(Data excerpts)

* * *

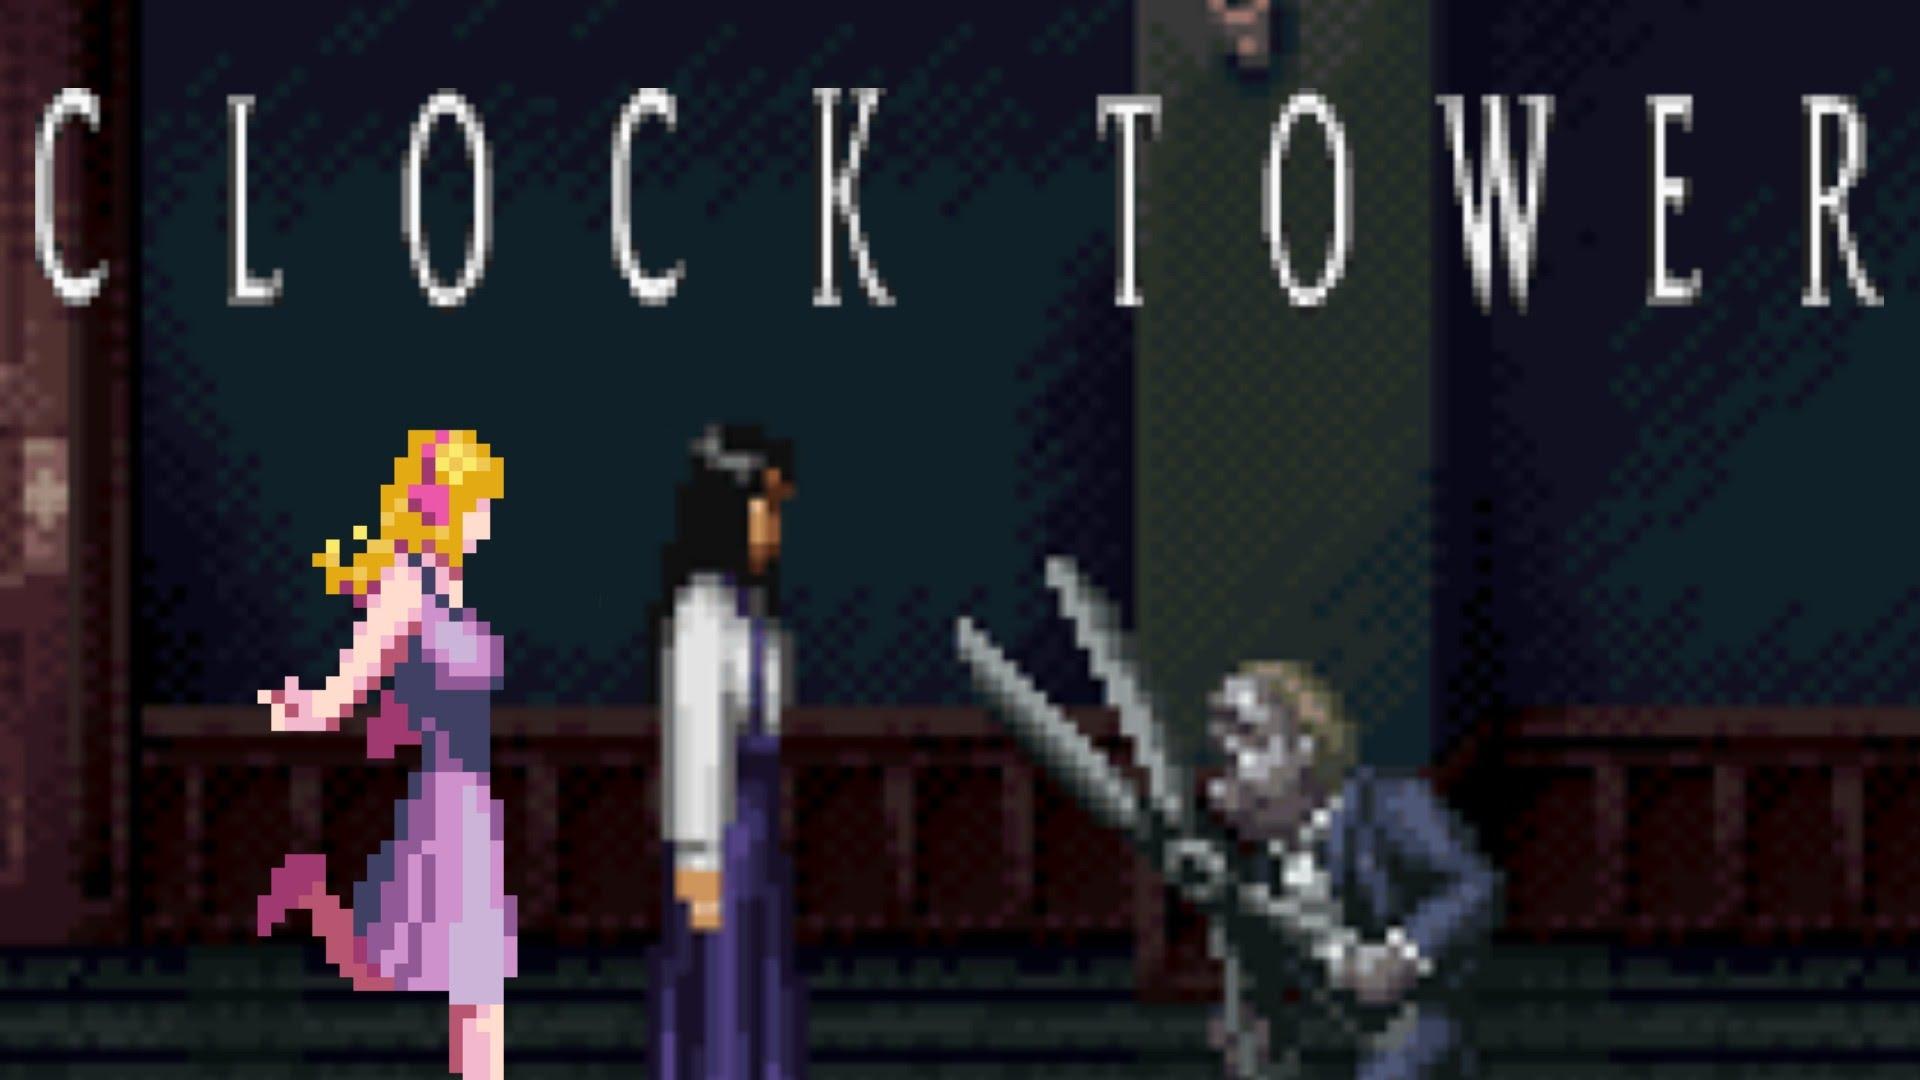 clock tower br snes emulator
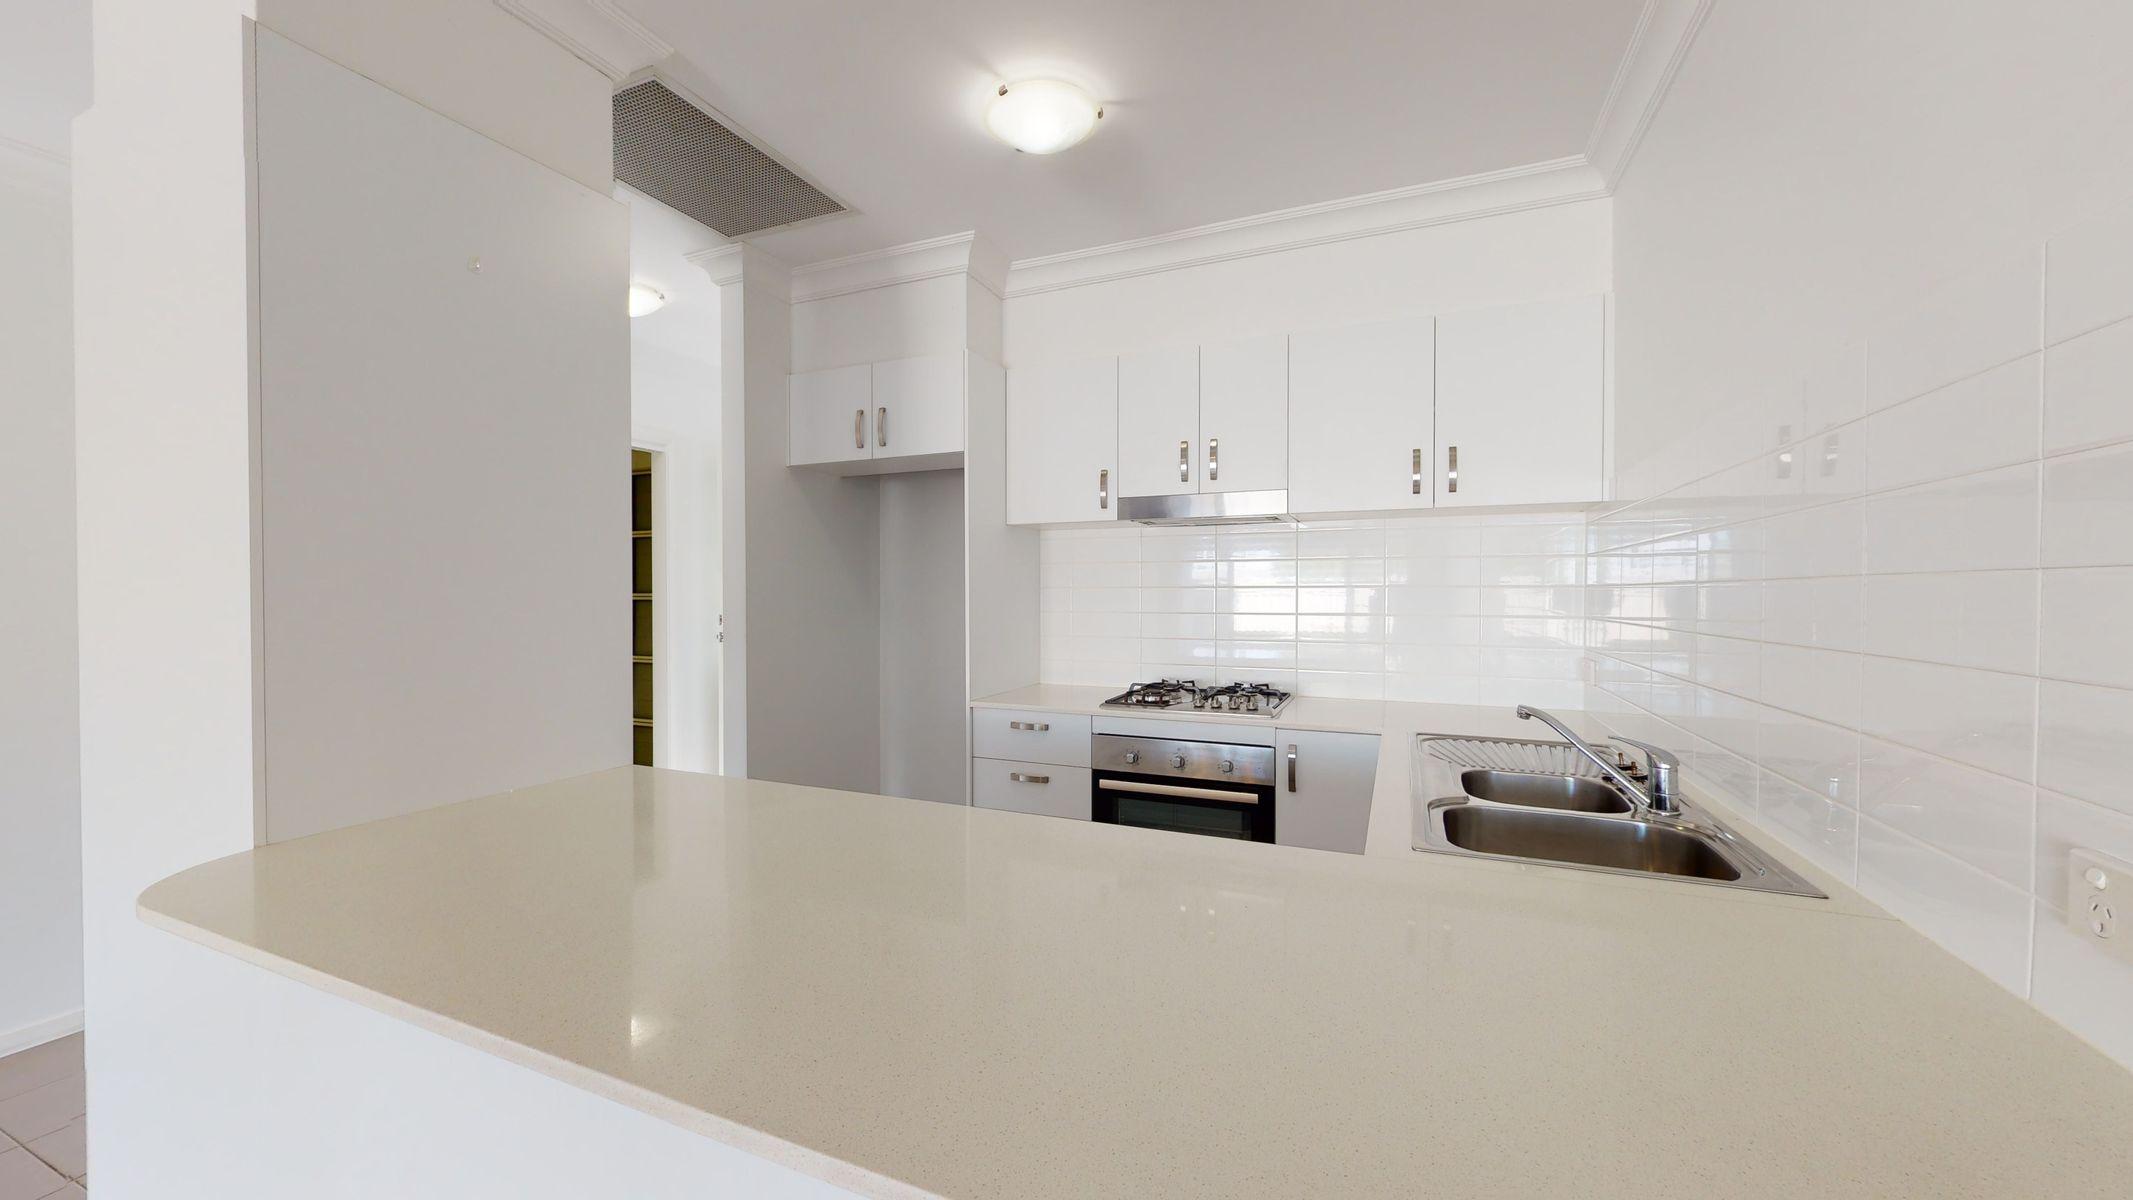 41/115 Christo Road, Waratah, NSW 2298
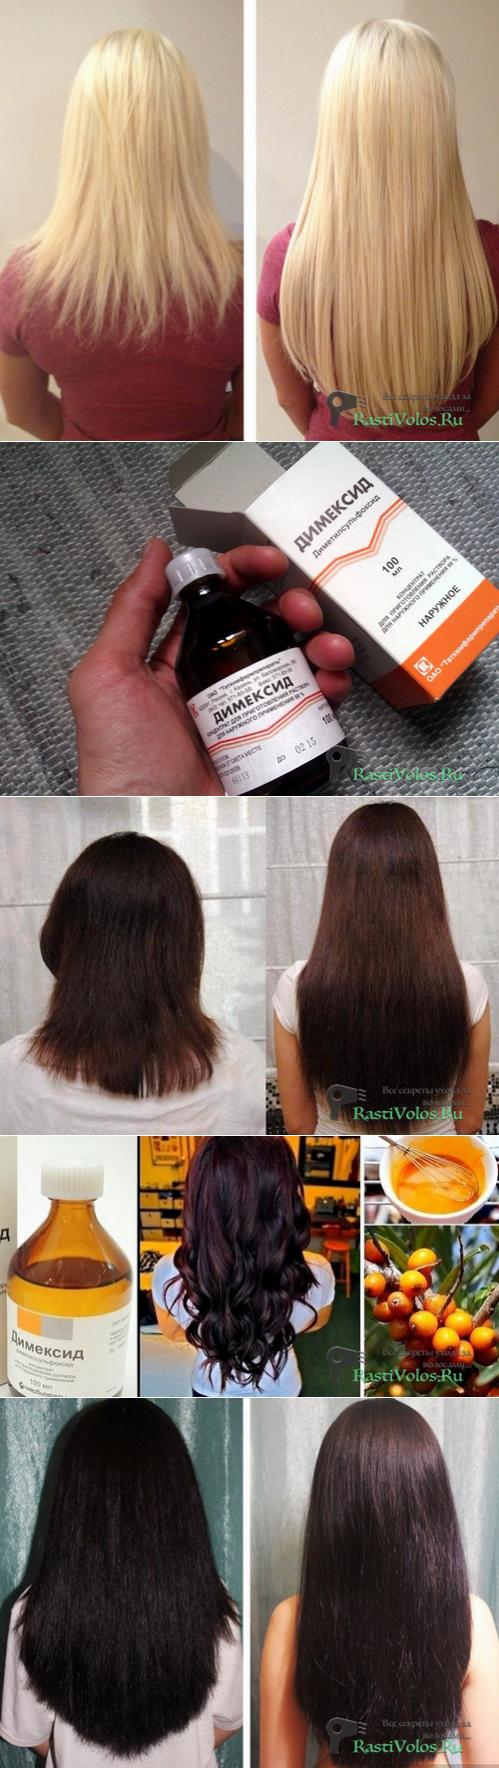 Димексид для волос – рецепты масок
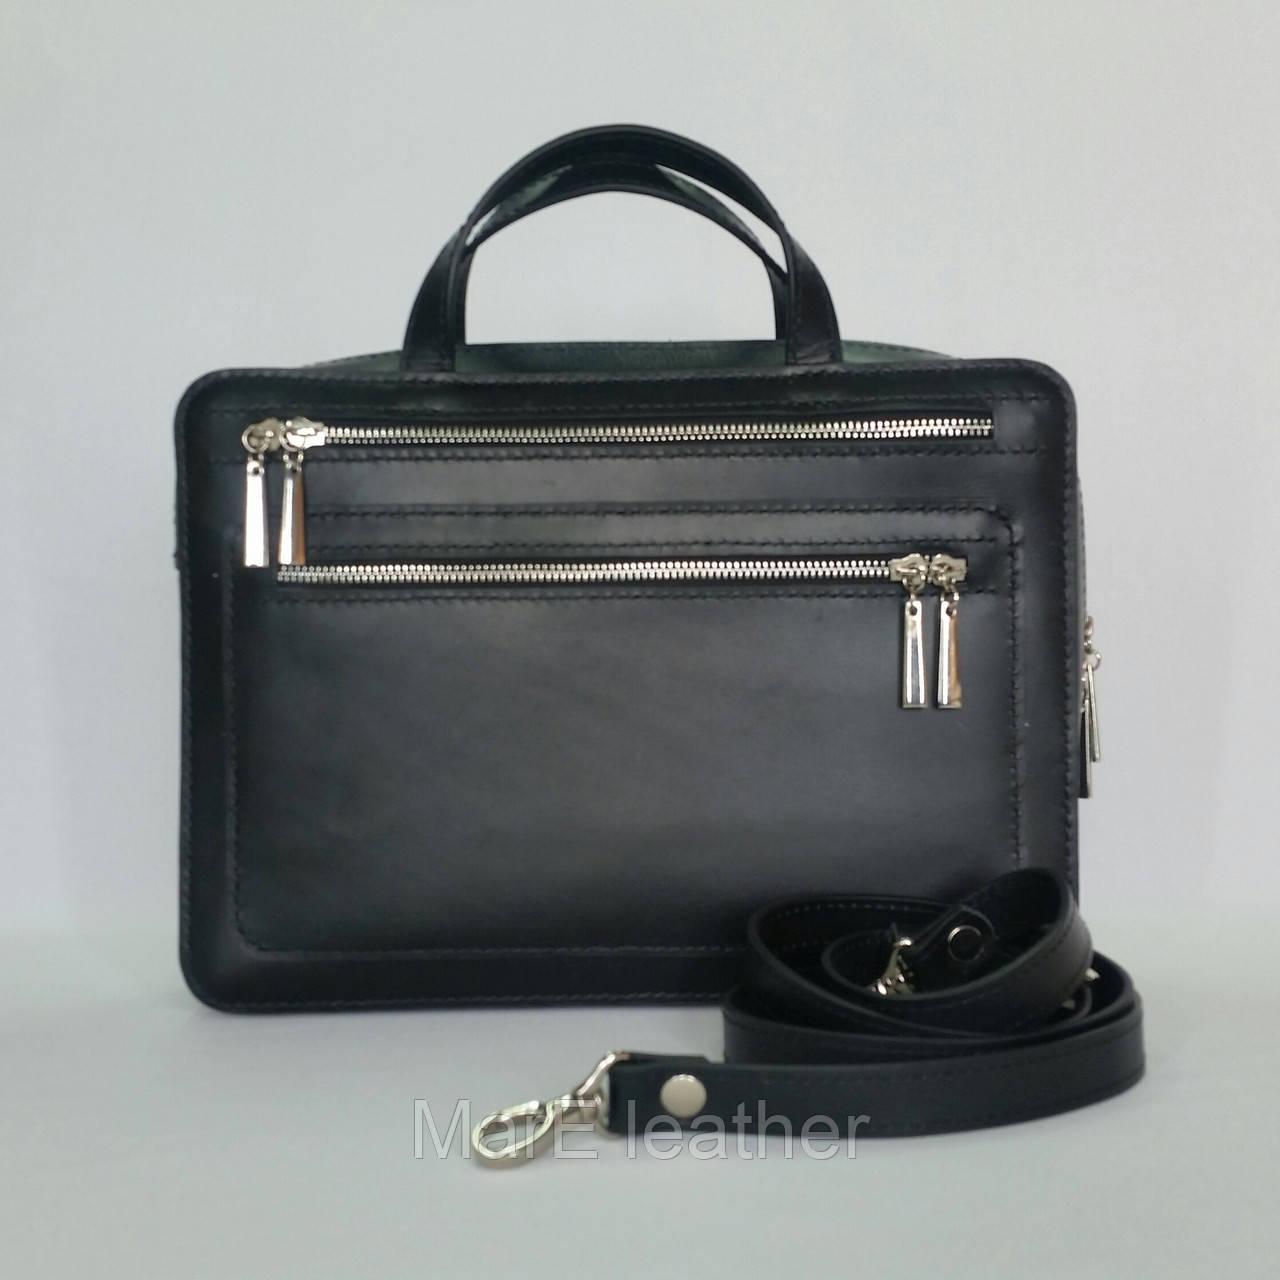 9e47bfa76a52 Мужская кожаная сумка ( А- 4) Из натуральной кожи итальянского производства
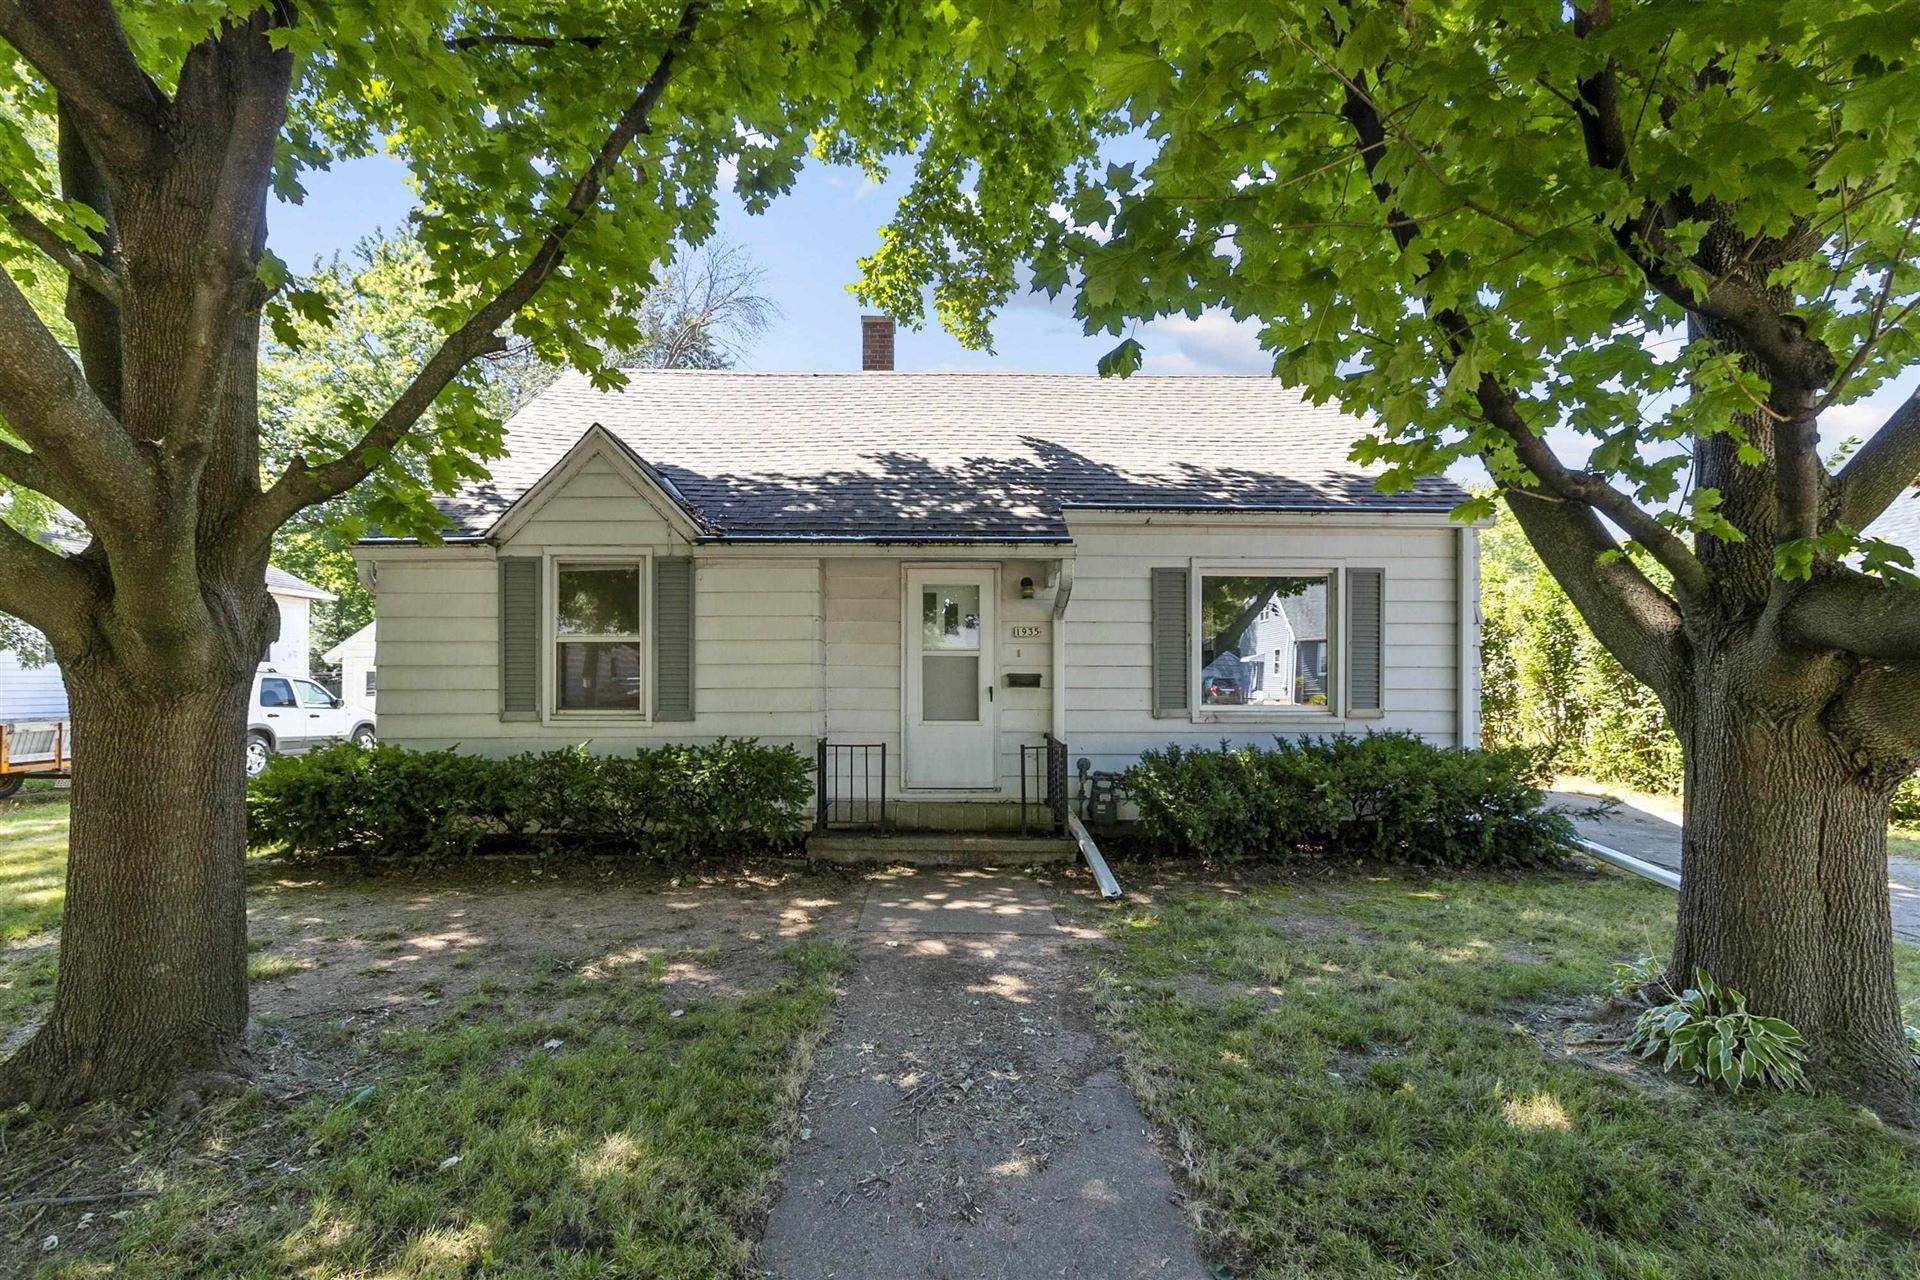 1935 MINNESOTA Street, Oshkosh, WI 54902 - MLS#: 50246646

* * *

PROBLEM: Reproduce the records in full, exactly as they appear, and show none of the pictures.

WRITTEN RESPONSE:
 clock tower br snes emulator
 41/115 Christo Road, Waratah, NSW 2298
 Димексид для волос – рецепты масок
 9e47bfa76a52 Мужская кожаная сумка ( А- 4) Из натуральной кожи итальянского производства
 1935 MINNESOTA Street, Oshkosh, WI 54902 - MLS#: 50246646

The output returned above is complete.